Fred est l’antenniste attitré de la Scic — qu’il préside — et Alan en est l’unique salarié. Revêtus de leurs gilets jaunes, les deux techniciens raccordent la demeure de Marc à la fameuse fibre de verre. L’homme, qui conseille des entreprises texanes sur leurs stratégies réseaux, est exigeant.

« J’ai besoin d’une connexion stable avec des débits costauds et, surtout, symétrique, c’est-à-dire avec des débits montants et descendants équivalents. » Le câble noir, déroulé depuis la rue [2] jusqu’à son bureau à travers les combles, abrite une fibre de verre qui devrait garantir entre 800 Mb/s et 1 Gb/s de débit. De quoi mener des visioconférences transatlantiques en paix.

En plus d’être participatifs, les fournisseurs d’accès à internet associatifs sont engagés pour la défense d’un internet sans inégalités. © Reporterre

Apparentée à la fédération French Data Network, Scani trouve son inspiration originelle dans le « monde du libre », qui promeut, notamment, la « neutralité du Net » [3]. « Le FAI s’apparente à un concierge qui voit passer tous vos paquets et qui peut regarder dedans à tout moment, y ajouter des choses ou les renvoyer à qui bon lui semble. La neutralité du net consiste à s’assurer que le FAI ne regarde rien, n’ajoute rien et ne modifie rien  », explique Khrys, présidente de FDN, FAI historique indépendant né en… 1992, également membre de la FFDN.

Répartis sur le territoire français — Toulouse, Nantes, Strasbourg, Compiègne ou sur le plateau de Saclay… — les passionnés bénévoles d’une trentaine de structures font vivre une alternative à un Internet purement commercial. À Nantes, l’association FAImaison a permis des accès réseau temporaires à des squats ou des zad.
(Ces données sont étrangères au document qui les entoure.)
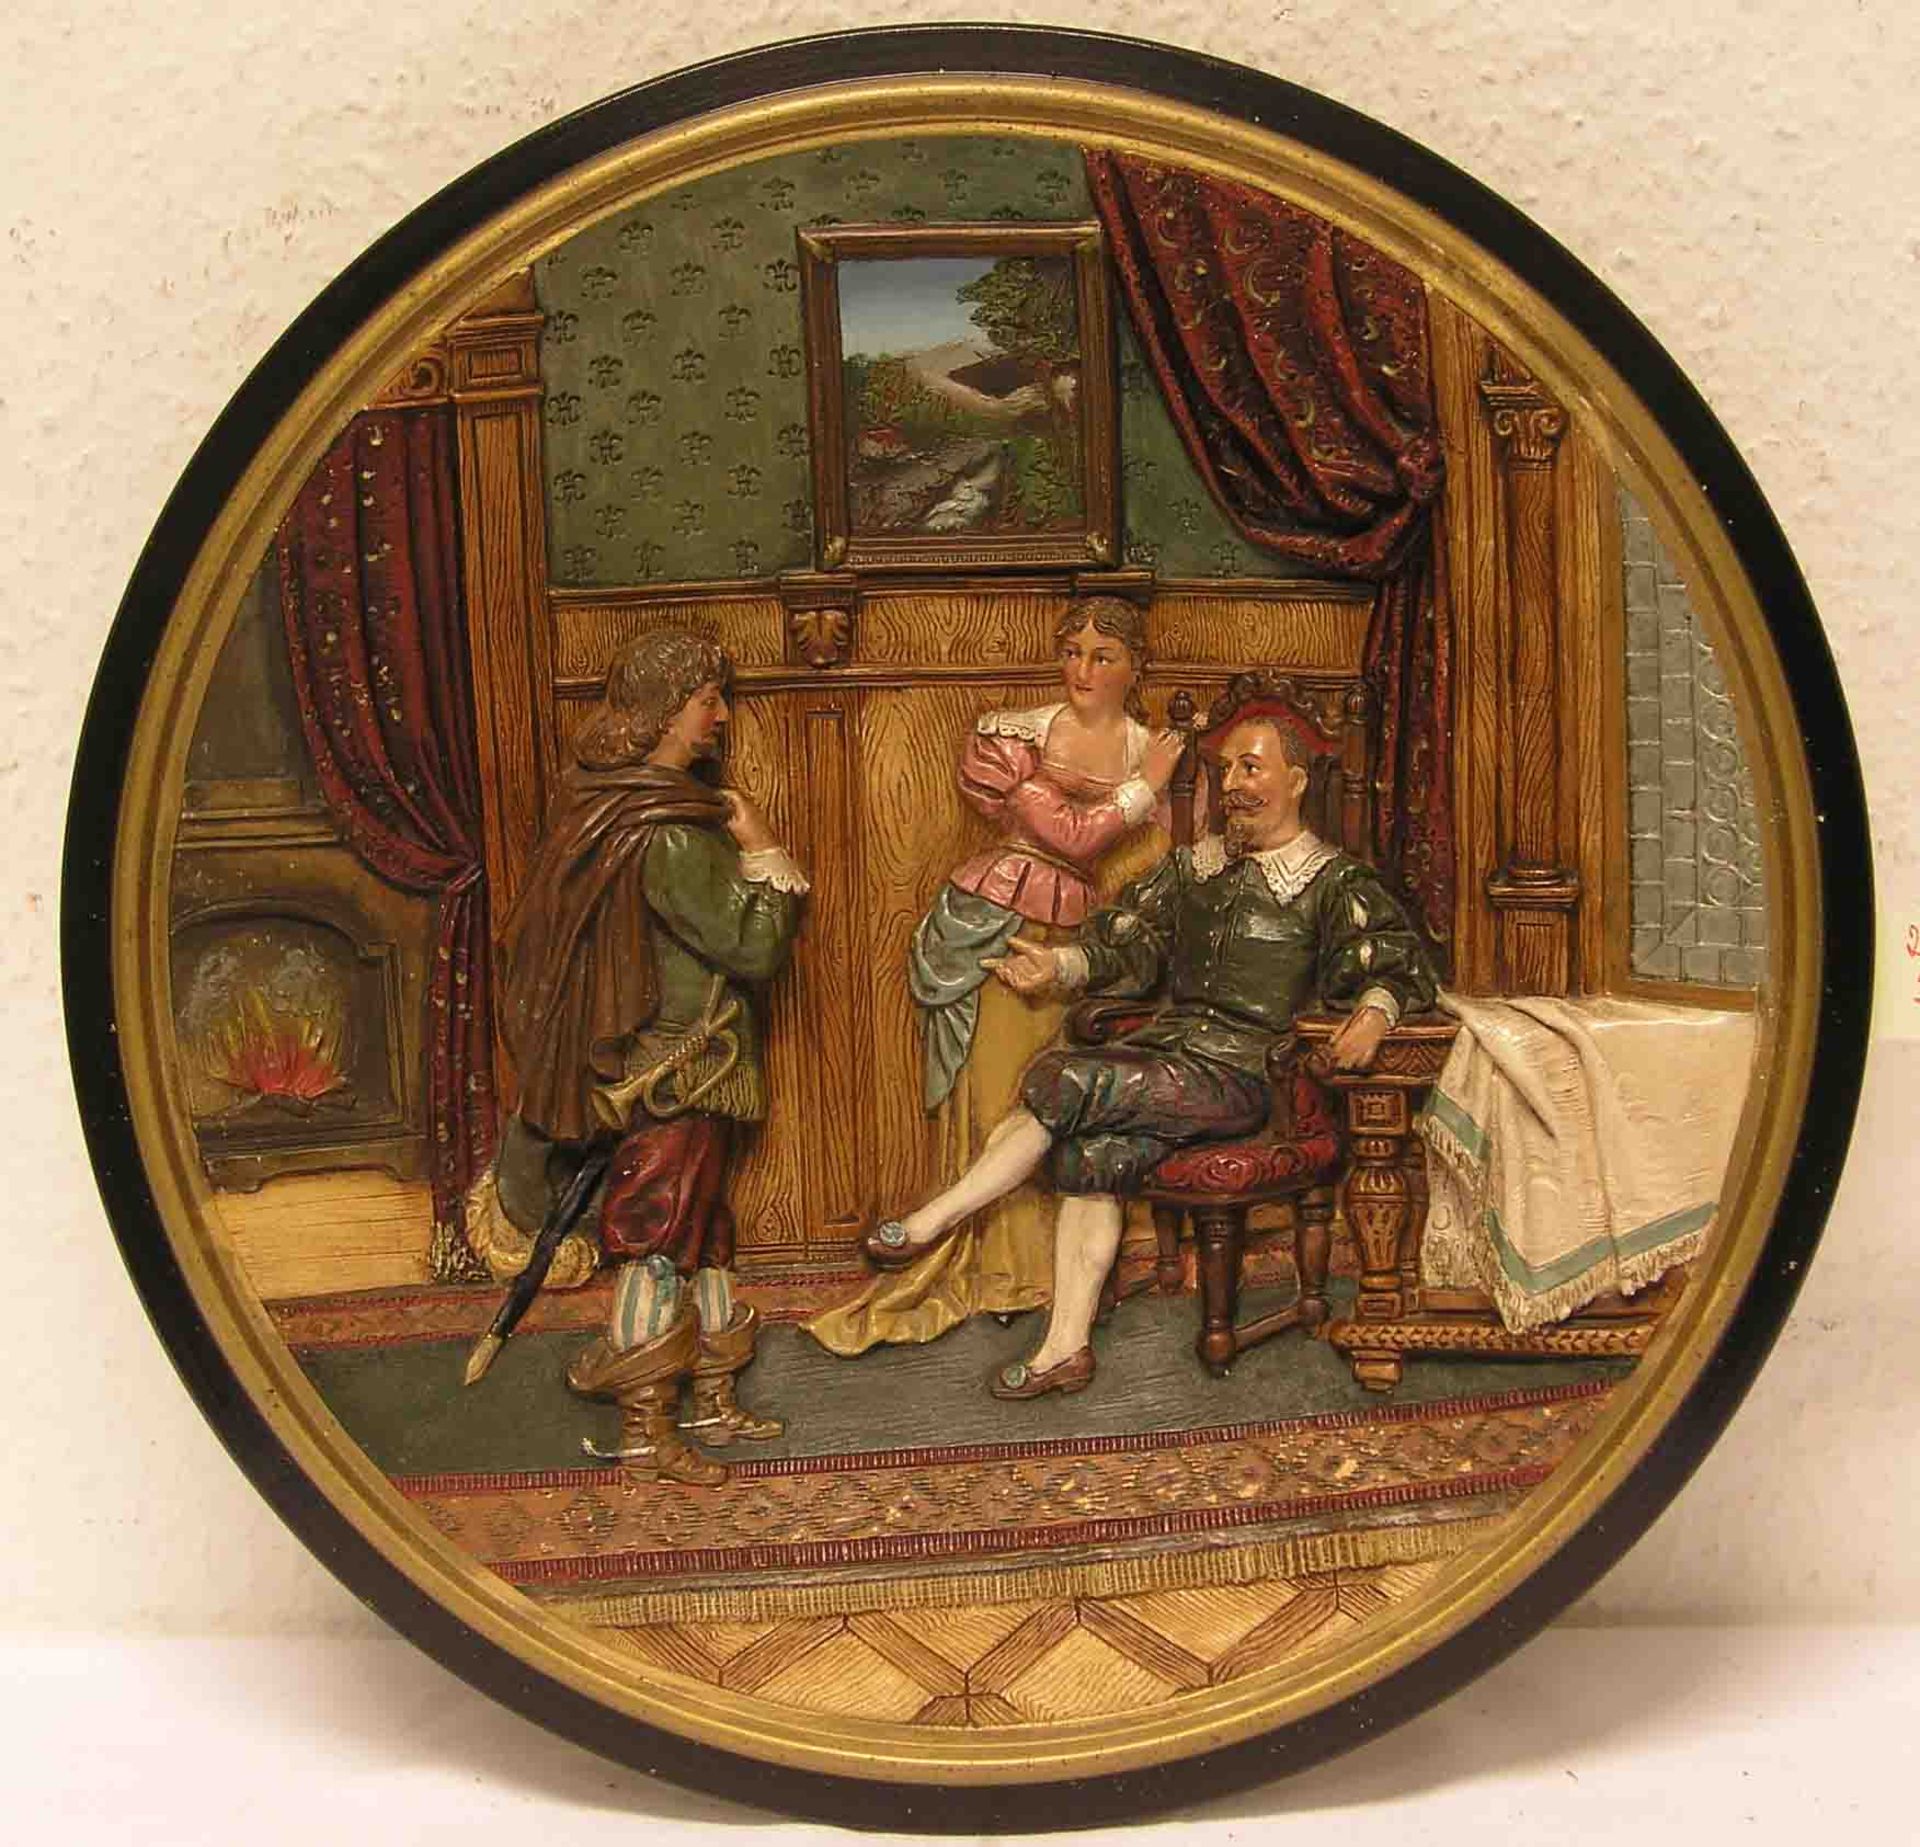 Wandteller. Historismus. Keramik. Relief: "Ritter beim Bowle trinken". Farbig staffiert.Durchmesser: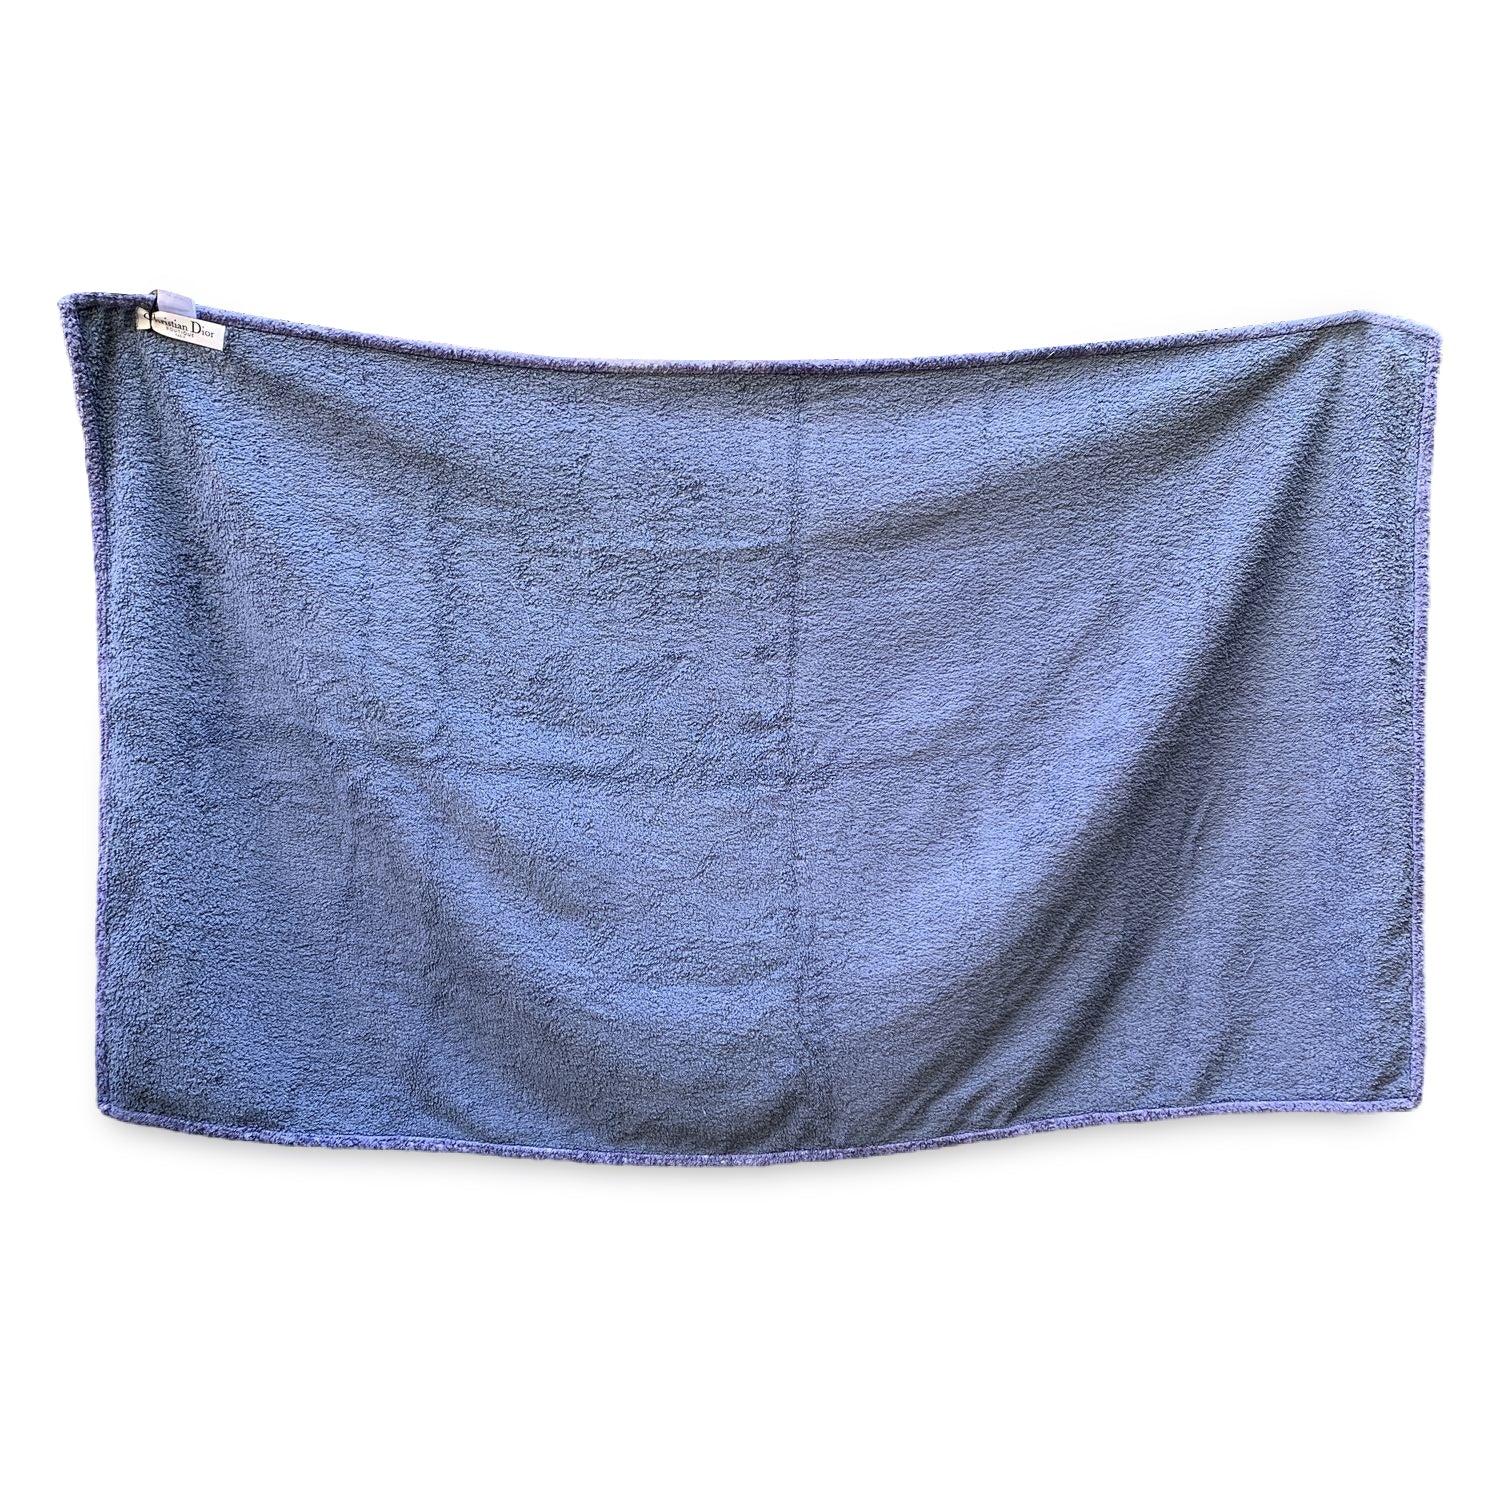 Großes Strandtuch aus Frottee von Christian Dior mit schrägem Monogram-Muster. Blaue Farbe. 100% Baumwolle. Abmessungen: 35 x 60 Zoll - 88,8 x 152,4 cm. Details MATERIAL: Baumwolle FARBE: Blau MODELL: Schräg GENDER: Unisex Erwachsene

Au-delà de la connexion à la Toile, Scani relie aussi les Icaunais autour des enjeux numériques. La coopérative propose des ateliers de « dégafamisation » où ses bénévoles récupèrent, retapent et offrent des ordinateurs à des foyers précaires ainsi que des projections et des débats sur la question des données personnelles et de l’intelligence artificielle. « De plus en plus de personnes veulent s’affranchir de la surveillance généralisée et de la captation des données », conclut Bruno Spiquel.